Just past the gate are the remains of an old tourist ranch.
There are four stone cabins each with a picnic table inside.
Nearby is an old pool foundation and stone chimney.

Hikers can walk on the dirt road to the Stone House Campground.
A densely vegetated wetlands will be passed.
The Stone House has picnic tables and informational displays inside.
A restroom is next to it.

The trail continues up the canyon eventually intersecting with the Pacific Crest Trail.
North of the junction on the PCT is San Gorgonio Overlook which provides a view of Whitewater Canyon and San Gorgonio Mountain.
Heading south on the PCT reaches the Whitewater Preserve.

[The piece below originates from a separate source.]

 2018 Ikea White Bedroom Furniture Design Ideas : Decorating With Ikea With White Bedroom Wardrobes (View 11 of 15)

Guided nature walks are offered.
Interpretive program for kids focuses on desert water cycles and watershed ecology.

Geography
The Stone House Campground is at an altitude of 2,458 feet.
Mission Creek flows year-round.
The preserve is located in an ecotone where the Mojave Desert and Sonoran Desert overlap.
Despite being in a desert there is a rich riparian habitat due to the creek.
The preserve is surrounded by the Bureau of Land Management's San Gorgonio Wilderness and is within the Sand to Snow National Monument.  

The southern section of the San Andreas Fault has multiple strands.
The Mission Creek strand which runs through the preserve may have a higher risk of slipping than other strands.

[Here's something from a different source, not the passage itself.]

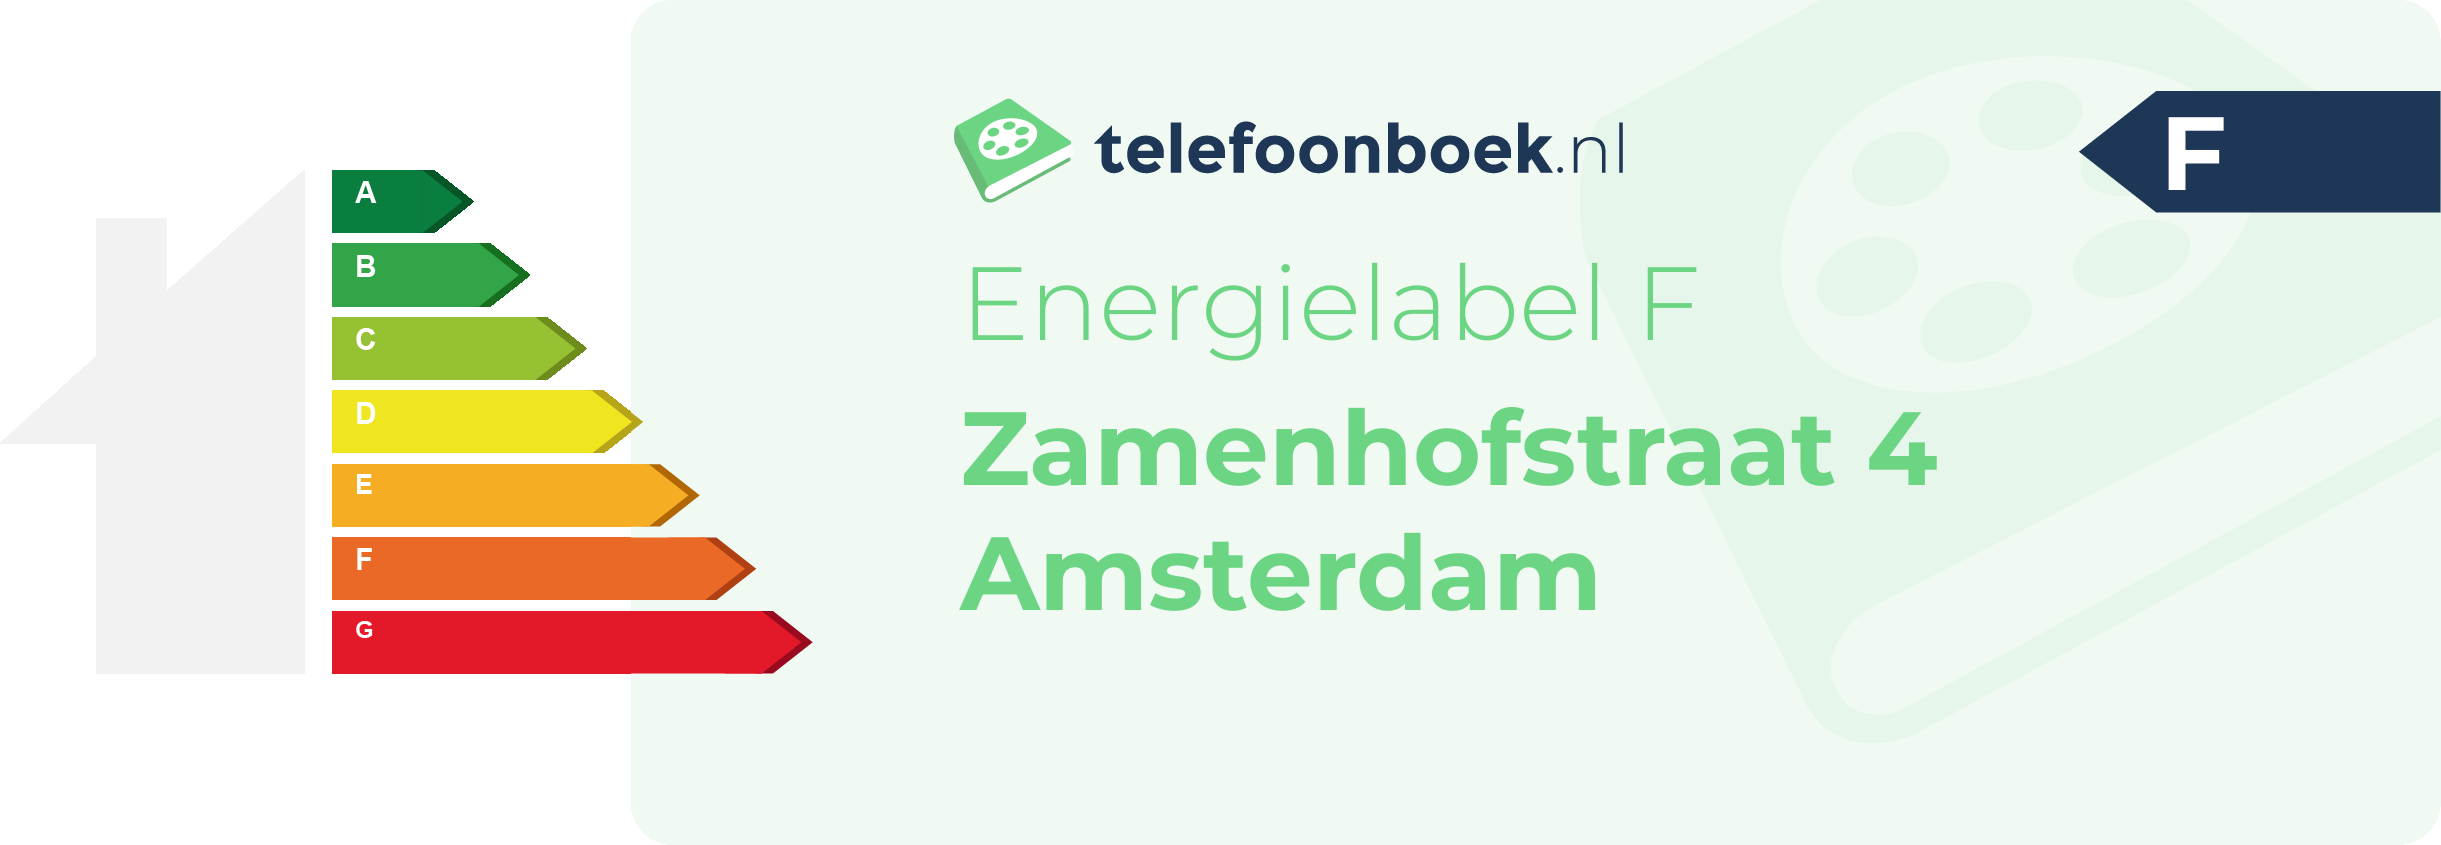 Energielabel Zamenhofstraat 4 Amsterdam

Downhill from the preserve the earthquake fault blocks the water from reaching the surface. As a result there is minimal vegetation below the preserve.

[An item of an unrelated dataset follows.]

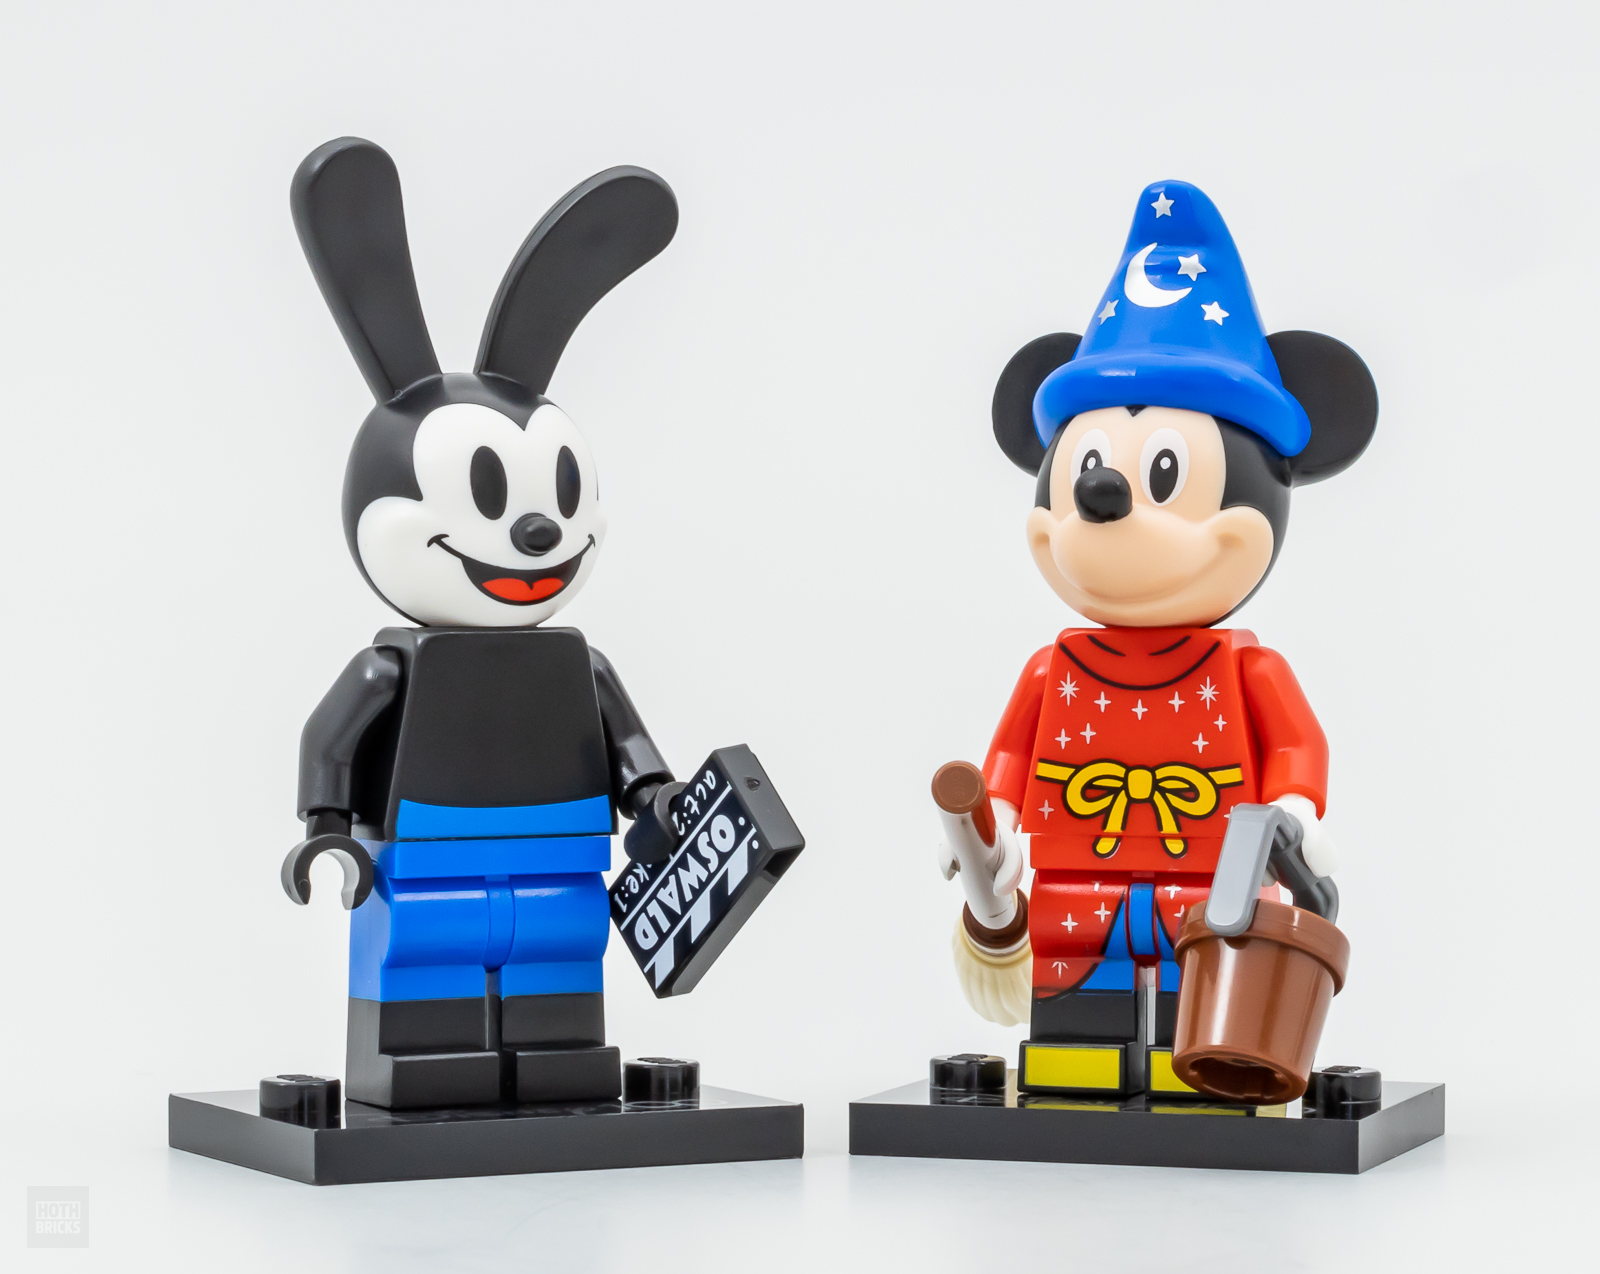 LEGO 71038 Disney 100 Minifigures Stitch 626 - Brand New No Open

The Conservancy has three desert preserves in this region: Whitewater Preserve, Mission Creek Preserve, and Pioneertown Mountains Preserve.

Flora and Fauna
Large mammals include Desert bighorn sheep, mountain lions and bear.

Over 200 species of birds have been observed.

Wildflowers can be excellent in the spring if there was sufficient rain the prior winter.

Painted Hills Wetland is a heavily vegetated wetlands area with giant Cottonwoods.

History
In the early 1900s T Cross K Ranch operated as a guest ranch with house, stone cabins and swimming pool. Remnants of these remain. By the 1950s the ranch ceased hosting tourists.

In 1997, TWC acquired the property and opened the preserve to the public for light recreation.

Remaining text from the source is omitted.